15.But I would like to make these points:
i)If a case is going off track it is imperative that the issue is brought to the attention of the court as soon as this occurs. It may then be possible to retrieve the position. Once the problem has occurred, as it has here, it is too late.
ii)Cases do not involve just one professional. They involve a large array of people and it must be a collective responsibility on all to bring a case to the attention of the court once it is going off track in this way.
iii)Where one party to a multi party case fails it brings down the others and also affects the efficient running of the court.
iv)If a social worker is not performing as she should there are management and legal teams within a Local Authority that should pick up on what is happening.
In this court area there has been a recent and considerable increase in the number of cases that are not meeting the 26 week statutory deadline. Of 181 public law cases there are 49 cases that are now ‘off track’. That means about 27% of our cases are exceeding the 26 week deadline. This has got to stop. Many people have worked extremely hard to improve upon the performance of this area and we are not prepared to see that slide away from us now. This type of poor case performance is unnecessary and is damaging to the system as a whole.
There are reasons why some cases may need to exceed the 26 week deadline. For instance there are cases involving complex issues of fact (e.g. where there is an allegation of a serious offence having been committed), cases which involve large and complex family dynamics and cases involving complex medical issues. This is not such a case.
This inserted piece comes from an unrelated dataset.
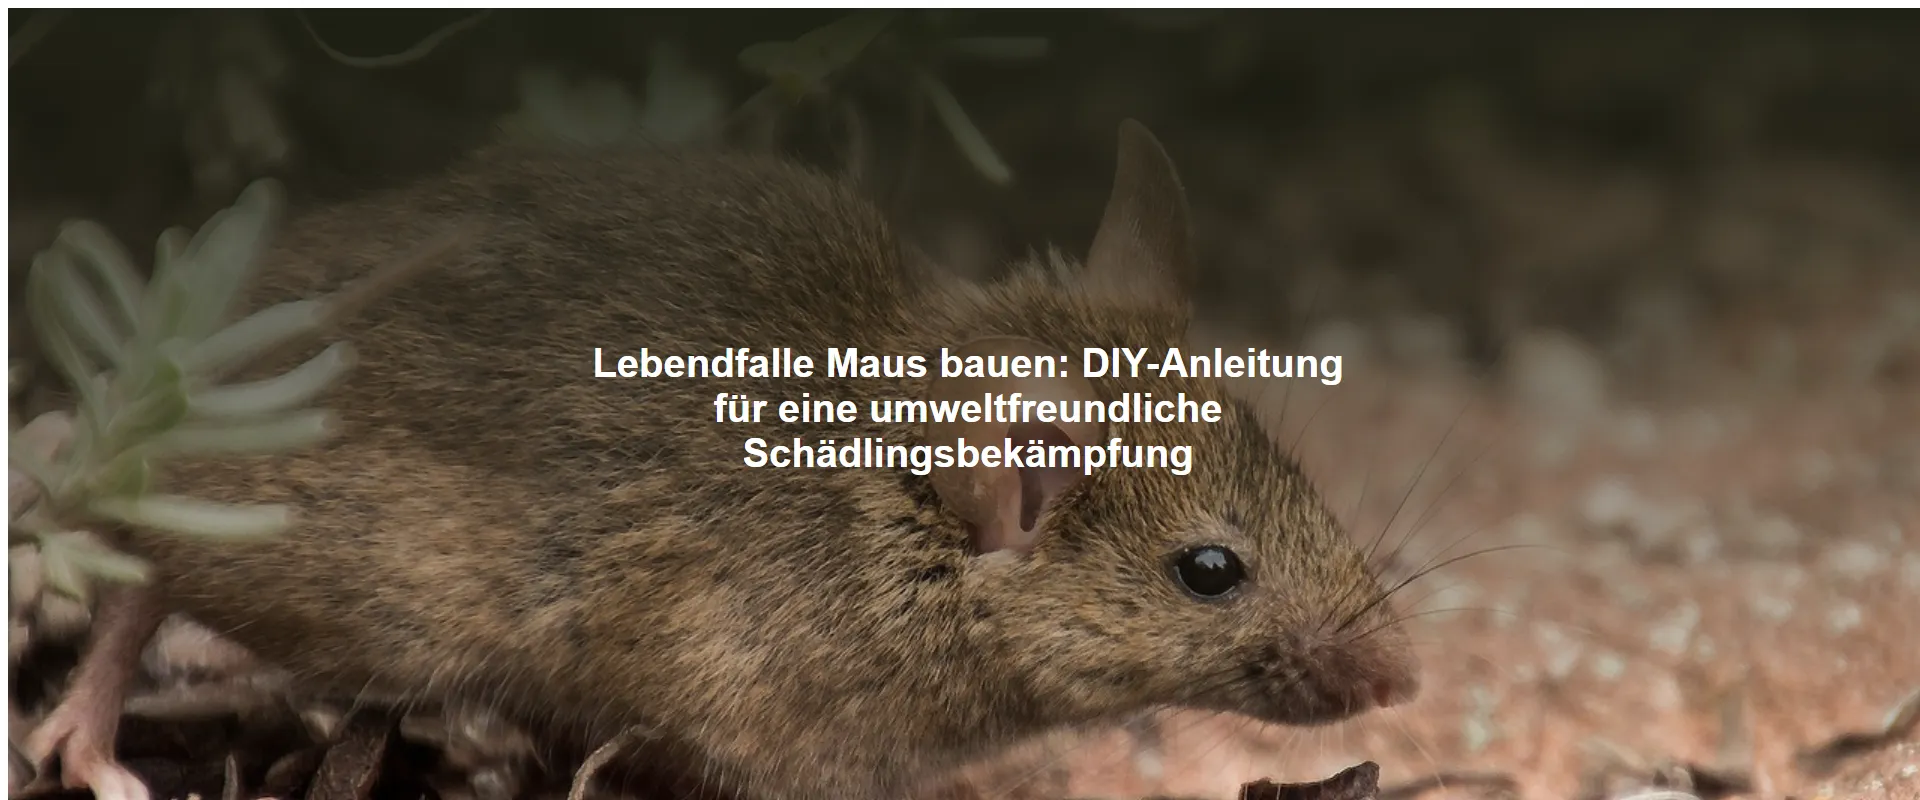 Lebendfalle Maus bauen – DIY-Anleitung für eine umweltfreundliche Schädlingsbekämpfung

There are far too many cases like this one where the issues are straightforward and where delay is manifestly harmful to the children concerned. The only reason why this case has been so delayed is inefficiency.
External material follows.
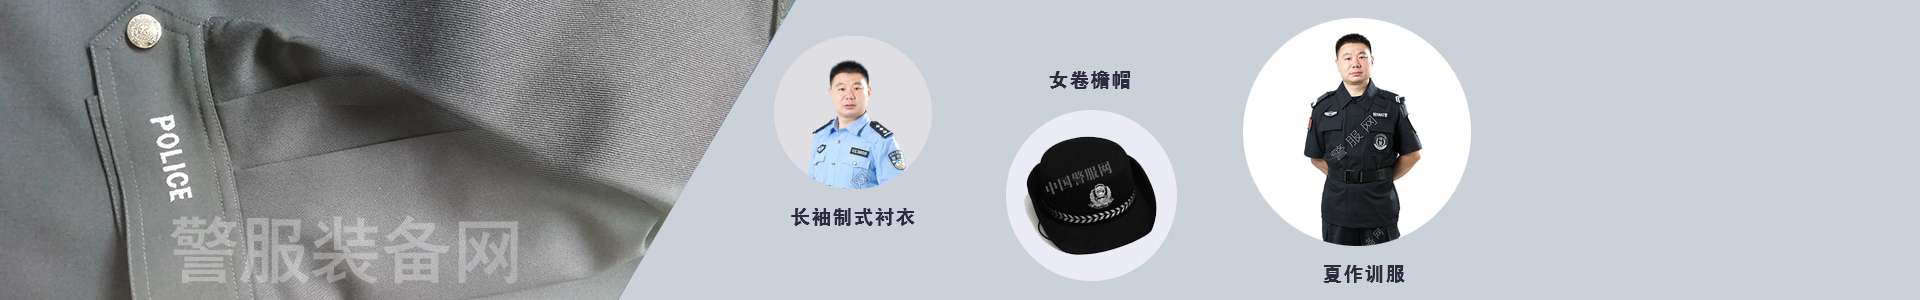 人民警察服装专卖网站警服网

If three days of court time are lost in this way it may well not be possible to fill those days with other work where this sort of thing happens so close to a final hearing. Not only are adjournments plainly contrary to the welfare of young children, they also cost a lot of public money and mean that very valuable court time is being lost. There is now immense pressure for every hour of court time to be used to its very fullest advantage and if one case is neglectfully prepared, as this one has been, it means that other cases and, other children and other parties suffer. It also means that public money is being used to fund the inefficiency of those people who do not engage in the system properly. It is perhaps commonplace but, nevertheless I do observe that the Local Authority that contends that the mother has not ‘co-operated with professionals’ has, itself shown a distinct and at least commensurate lack of co-operation with the court.
I am therefore adjourning this case to an IRH before me in September and will list a final hearing, again before me, as soon as possible afterwards. I will also try to call the case in for review once the report of the independent social worker has been obtained. I will release this judgment on Bailii. I know that it will be picked up at least by the local press and I consider that people in South Gloucestershire need to know how their Local Authority is functioning.